The triazine ultraviolet absorbent is a novel ultraviolet absorbent, the compound has a larger molecular structure and excellent ultraviolet absorption performance, and can absorb ultraviolet rays of UVA and UVB strongly, and the triazine ultraviolet absorbent also has certain oxidation resistance. Triazine ultraviolet absorbers have good thermal stability, high-efficiency ultraviolet absorption performance and broad-spectrum ultraviolet absorption characteristics, so that the absorbers are widely concerned and accepted by the market.
Researches show that the triazine ultraviolet absorbent without etherification has poor compatibility with high polymer materials, and the triazine ultraviolet absorbent with long carbon chain structure containing ether bond has obviously improved compatibility with high polymer materials, and has more excellent thermal stability and environmental durability. Development of new varieties of triazine ultraviolet absorbers having a long carbon chain structure containing an ether bond, improvement of synthesis processes, and improvement of application performance have been receiving increasing attention from chemists. The structures of UV absorbers of the triazine type are referred to in U.S. Pat. No. 4,3244708, EP0442847, EP0483488, EP0530135 and the like, which represent products UV-405 and UV-400.

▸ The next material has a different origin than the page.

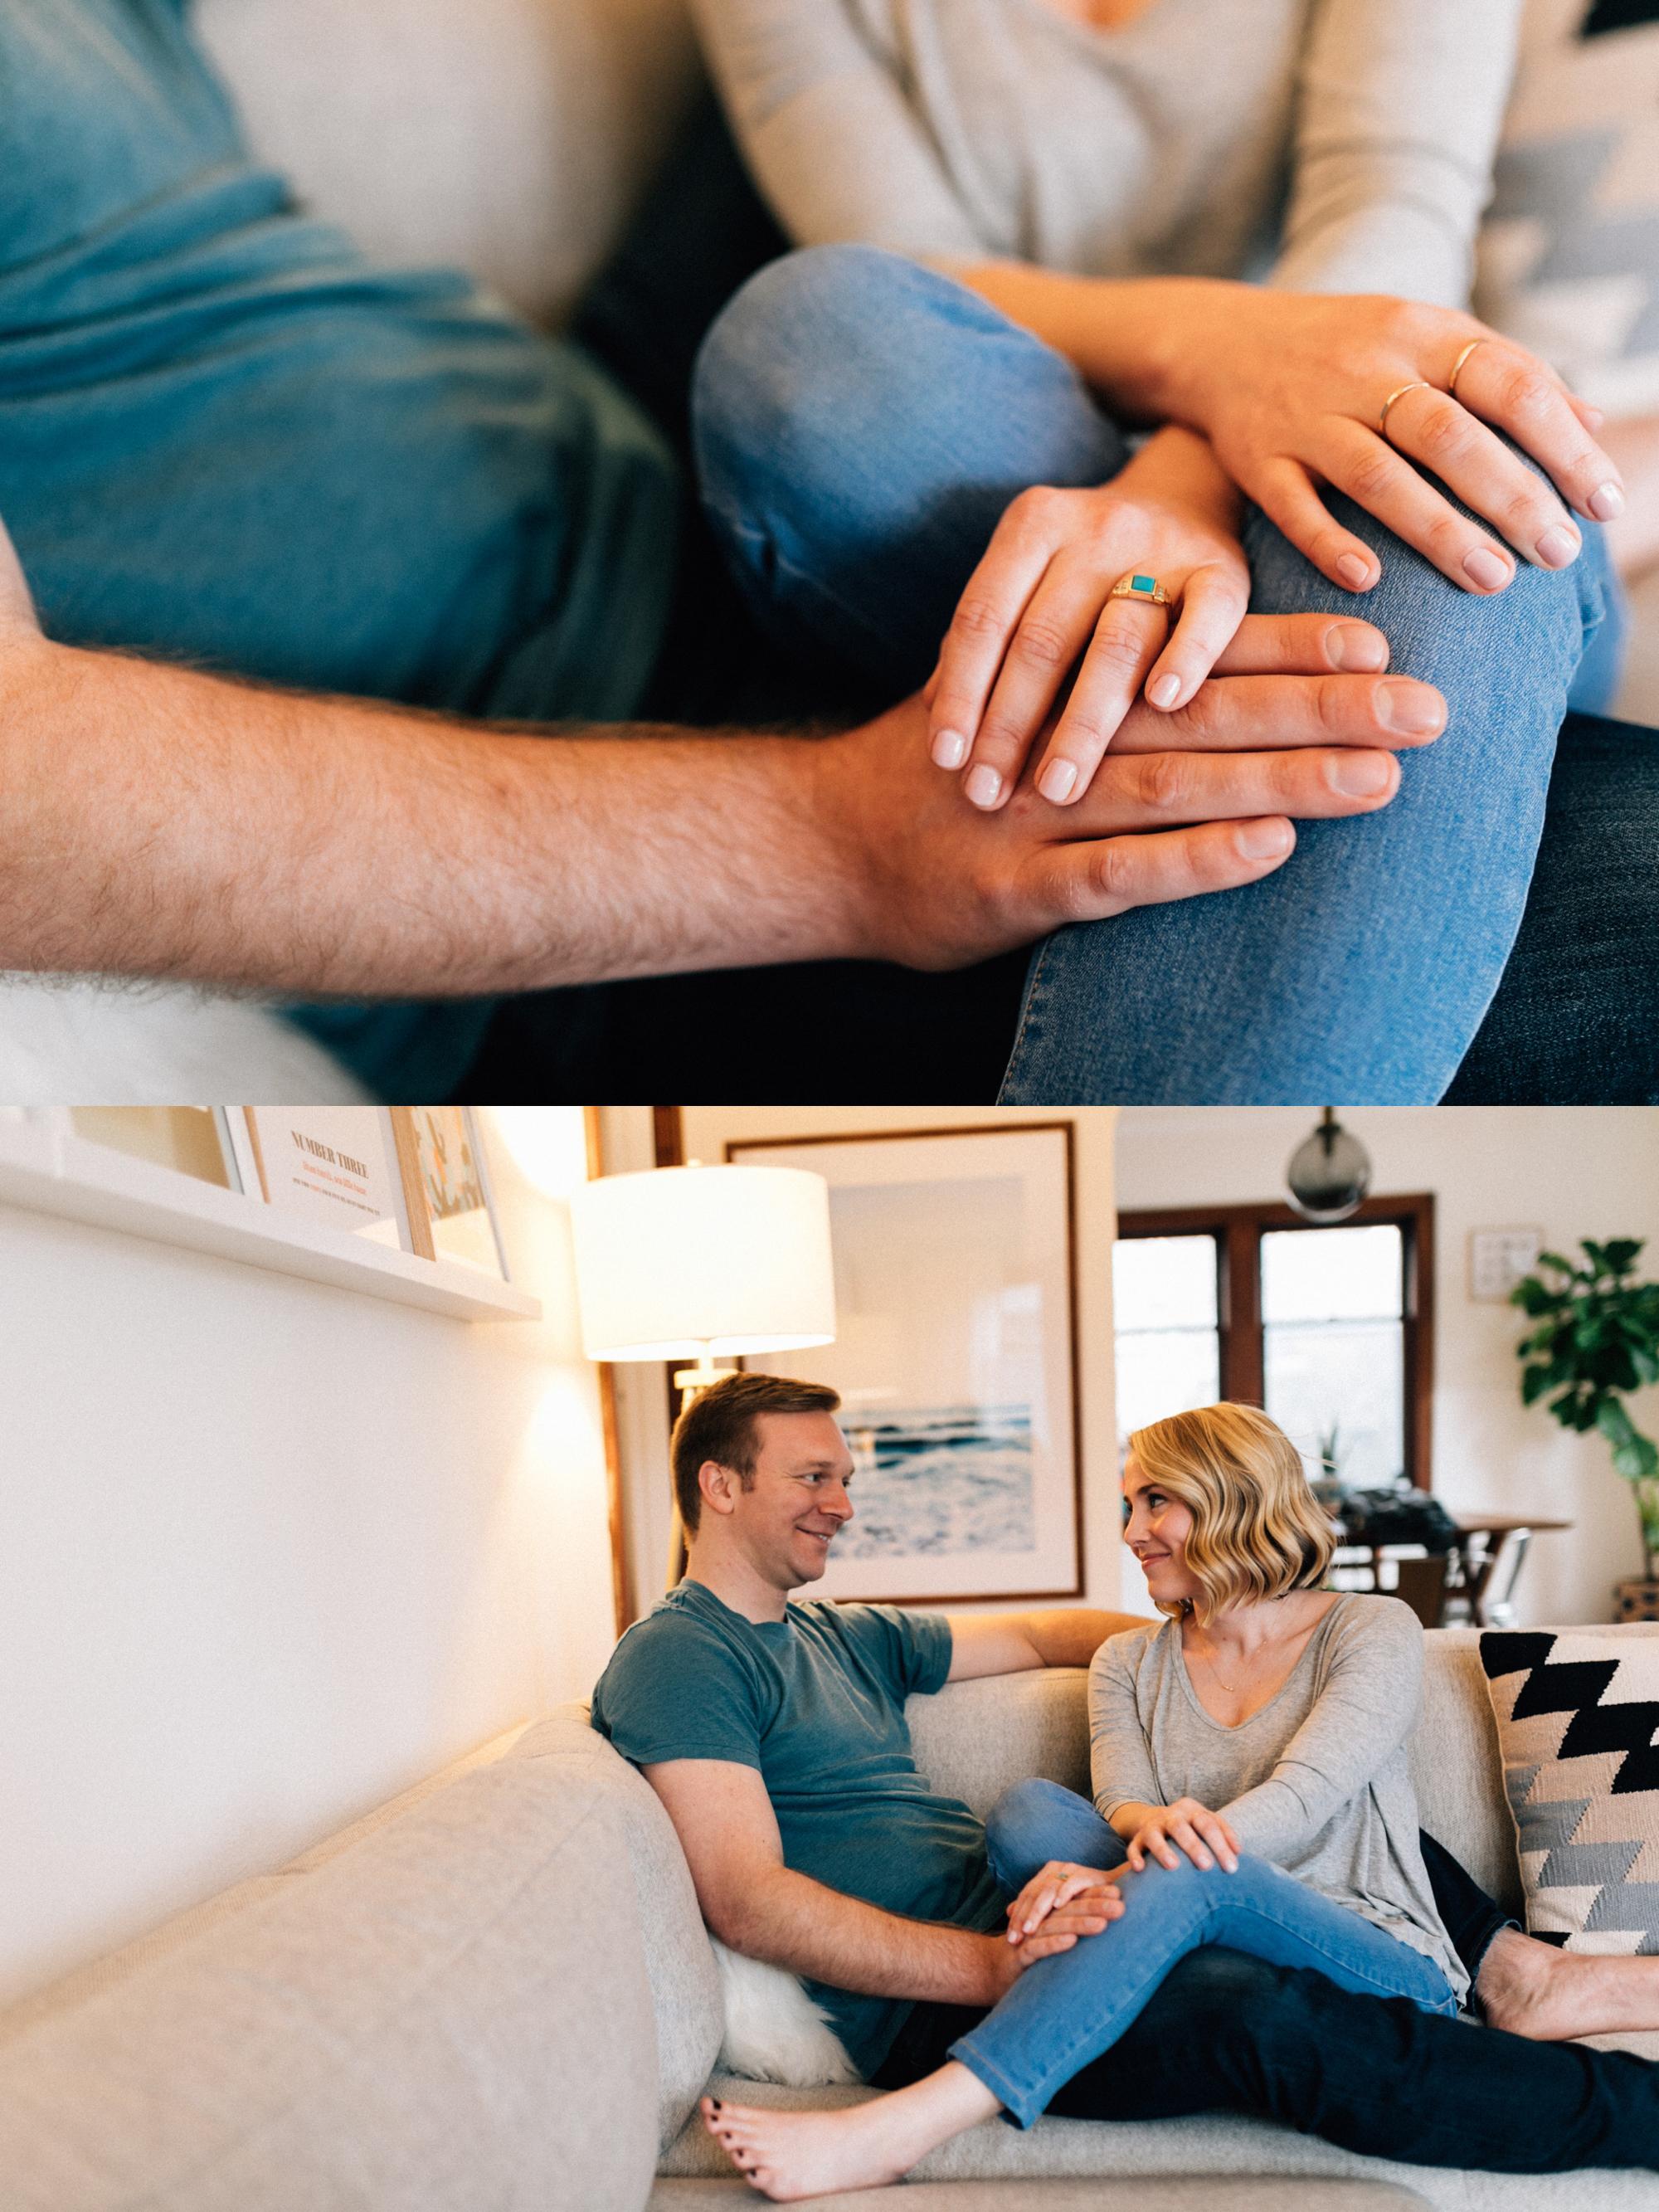 seattle in home engagement lifestyle couples photos wedding photographer washington pnw-6.jpg

Currently, in the synthesis process of etherified triazine ultraviolet absorbers, EP0483488a1 reports that 2- (2, 4-dihydroxyphenyl) -4, 6-bis (2, 4-xylyl) -1,3, 5-triazine and isooctyl glycidyl ether react for 20 hours at 140 ℃ in the presence of ethyl triphenyl phosphonium bromide as a catalyst and N-methyl pyrrolidone as a solvent to obtain a compound. Patent CN109438377A reports a method for preparing long carbon chain triazine ultraviolet absorbent with ether bond by low temperature method, the total reaction time of the method is 36h, the reaction temperature of the reaction is low, but the reaction time is too long.
In the existing preparation method of the mixed long carbon chain triazine ultraviolet absorbent containing ether bonds, the problems of higher reaction temperature, longer reaction time and the like generally exist, and the application development of the etherified triazine ultraviolet absorbent is influenced.
Disclosure of Invention
Compared with the prior art, the preparation method provided by the invention is simple and feasible, and can obtain higher reaction yield in shorter reaction time.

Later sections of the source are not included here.